Firstly the Seebohm Report (HMSO, 1968) argued for a co-operation across the spectrum of welfare state services and more effective co-operation by different professionals. It proposed a major restructuring of personal social services into a unified social service department. National Health Service and Community Care Act (HMSO, 1990) gave a duty to local authorities to assess and where applicable meet a person’s needs for community care services by collaboration with other agencies. Building Bridges (DOH, 1995) this encourages interdisciplinary and multiagency care planning.

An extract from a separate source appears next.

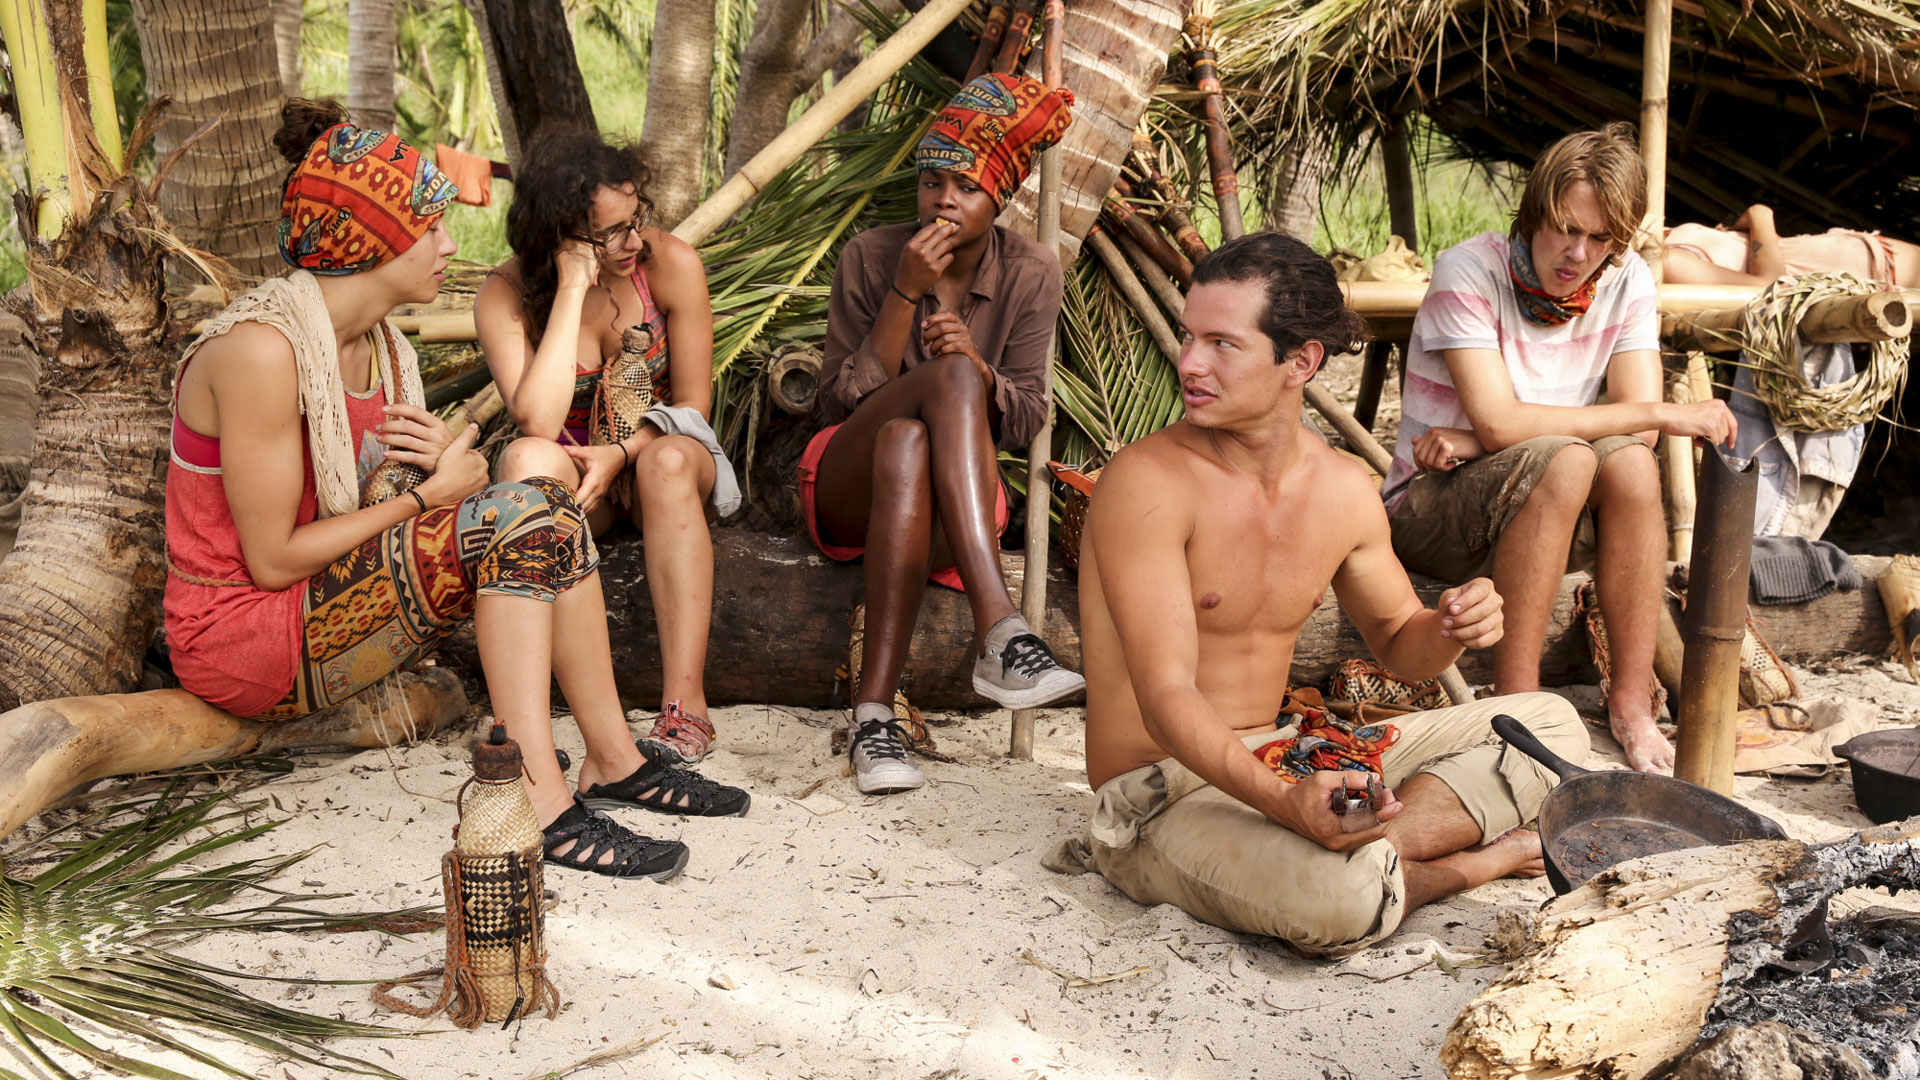 A group of Millennials have a conversation at camp.
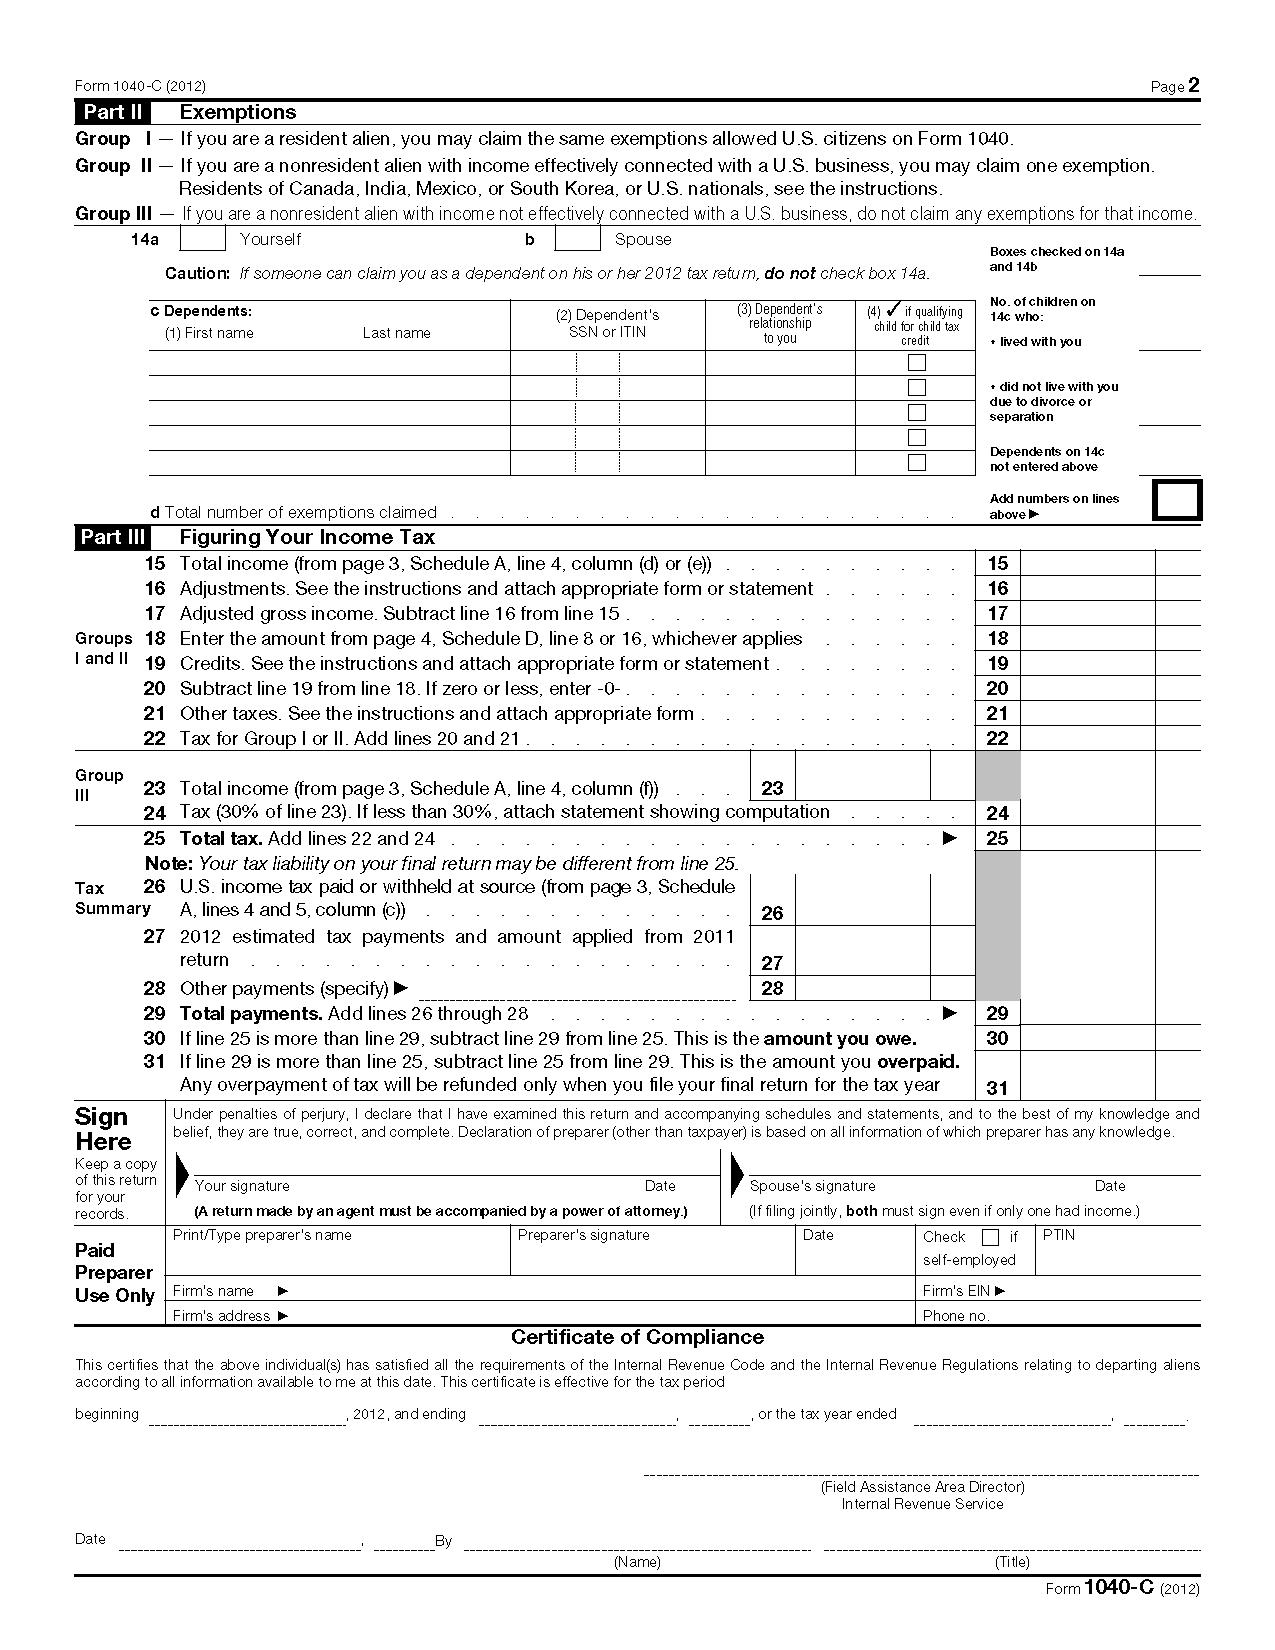 1040ez 2010 Form Printable

The Health and Social Care Act 2001 (Home Office, 2001) created new powers to establish care trusts by building on existing health and local authority powers to forge partnerships and provide integrated care. The National Service Framework for Older People (DOH, 2001) set out standards for care of older people across health and social services. It aimed to remove age discrimination, provide person center care, promoting independence and fitting services around people needs. Means for achieving these aims included the single assessment process and integration in commissioning arrangement and service provision. Valuing people a new strategy for learning disability for the 21st century (DH, 2001) highlighted partnership working through local partnership boards and inter-professional/inter agency co-operation are seen as central to achieving the four key principles of rights, independence, choice and inclusion for people with learning disabilities. National Service Framework (NSF) for Older People (Department of Health, 2001) highlighted that agencies should not duplicate each other’s assessments, and professionals should contribute to assessments in the most effective way.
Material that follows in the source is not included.